Christopher Vo pilots his aircraft as local drone enthusiasts gather for a Maryland fly-in at an airport in Laytonsville, Md.
Bill O'Leary
/
The Washington Post/Getty Images
Christopher Vo pilots his aircraft as local drone enthusiasts gather for a Maryland fly-in at an airport in Laytonsville, Md.

Last month, I got hit by a drone. No, it was not a giant surveillance robot, or a sinister armed device. It was a cute little quadcopter about the size of a coconut, operated by a professor who built it for fun.

The hobby of building and flying drones has grown rapidly over the last few years, as technology has gotten cheaper and open source autopilot software has been smoothed out by thousands of users. With such rapid growth comes the growing pain that most nascent hobbies run into — when to come up with rules.

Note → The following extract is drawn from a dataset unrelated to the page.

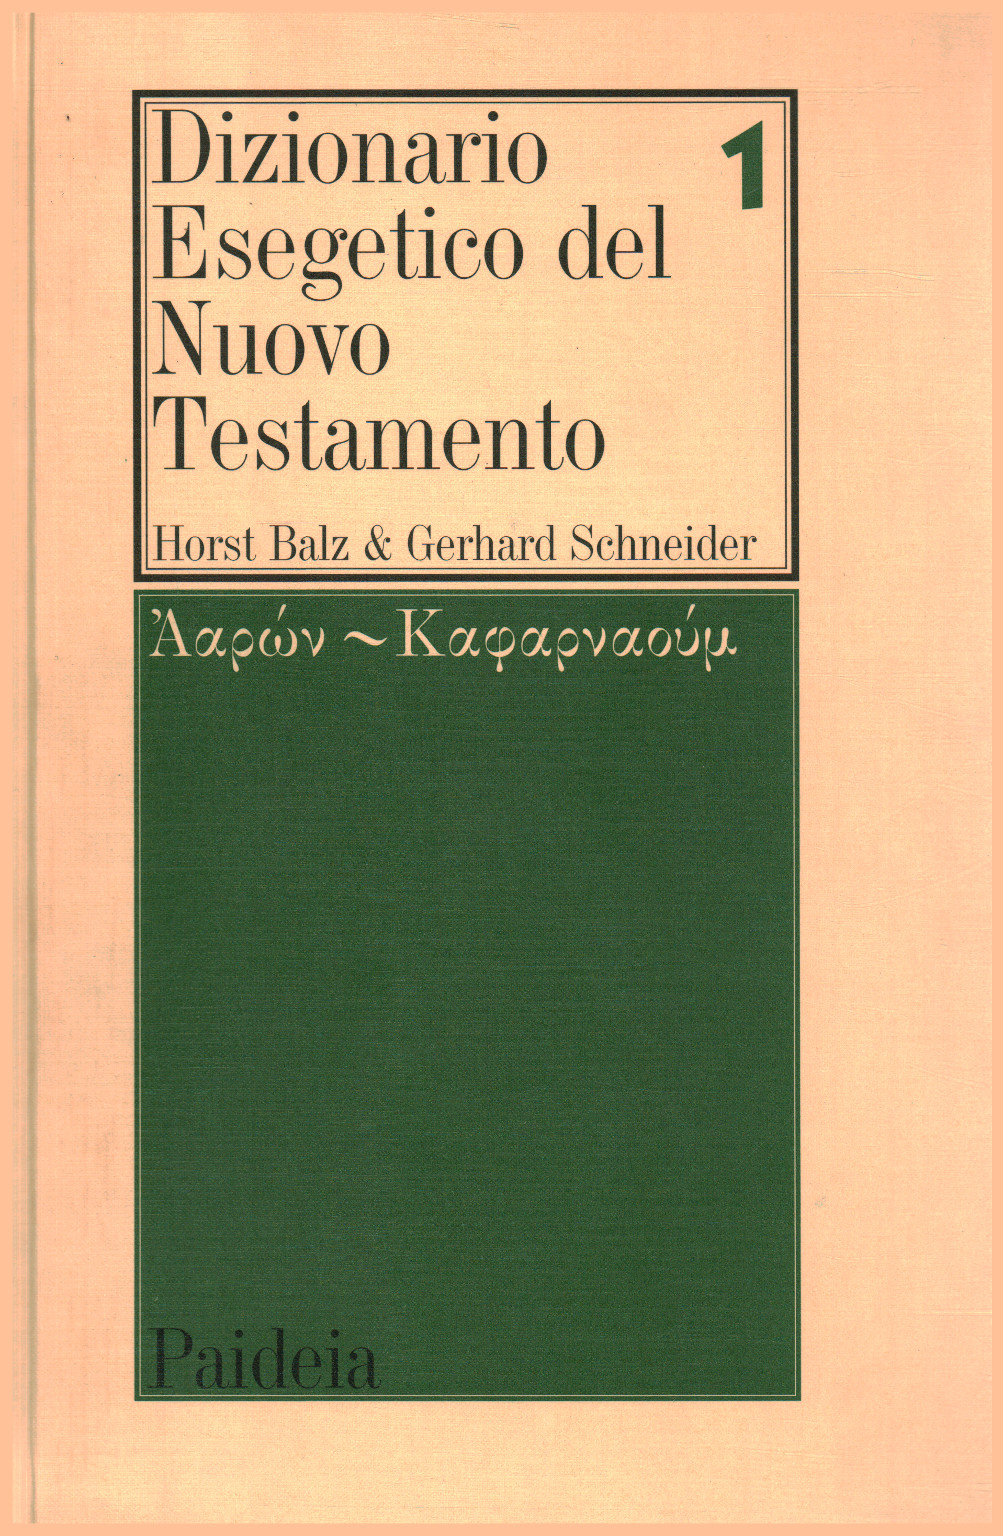 Dizionario Esegetico del Nuovo Testamento (vol. 1), s.a.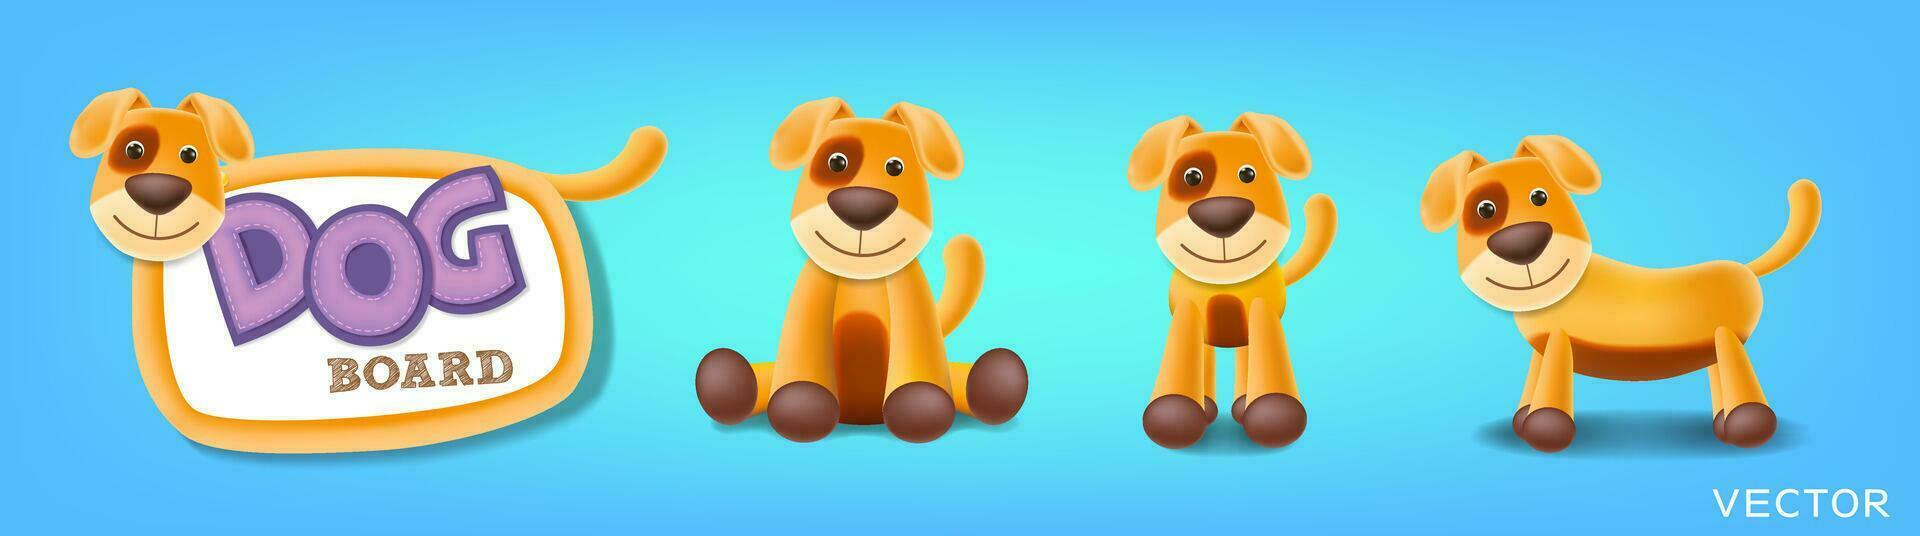 hond bord set, hond schoolbord, staan, zittend en verschillend poses vector illustratie

Recent incidents — on scales much larger than the little drone hitting me in the shoulder — have gotten amateur drone users thinking more about safety.

A Few Close Shaves

A warning message appears on the website of a company called 3DR Instruct, which sells ready-made drones for recreational use, and courses on how to use them:

" ... an out-of-control or lost aircraft can ... be transformed into a lethal, flying object falling from the sky at near terminal velocity."

To my knowledge, that hasn't happened yet. But there have been a few close shaves.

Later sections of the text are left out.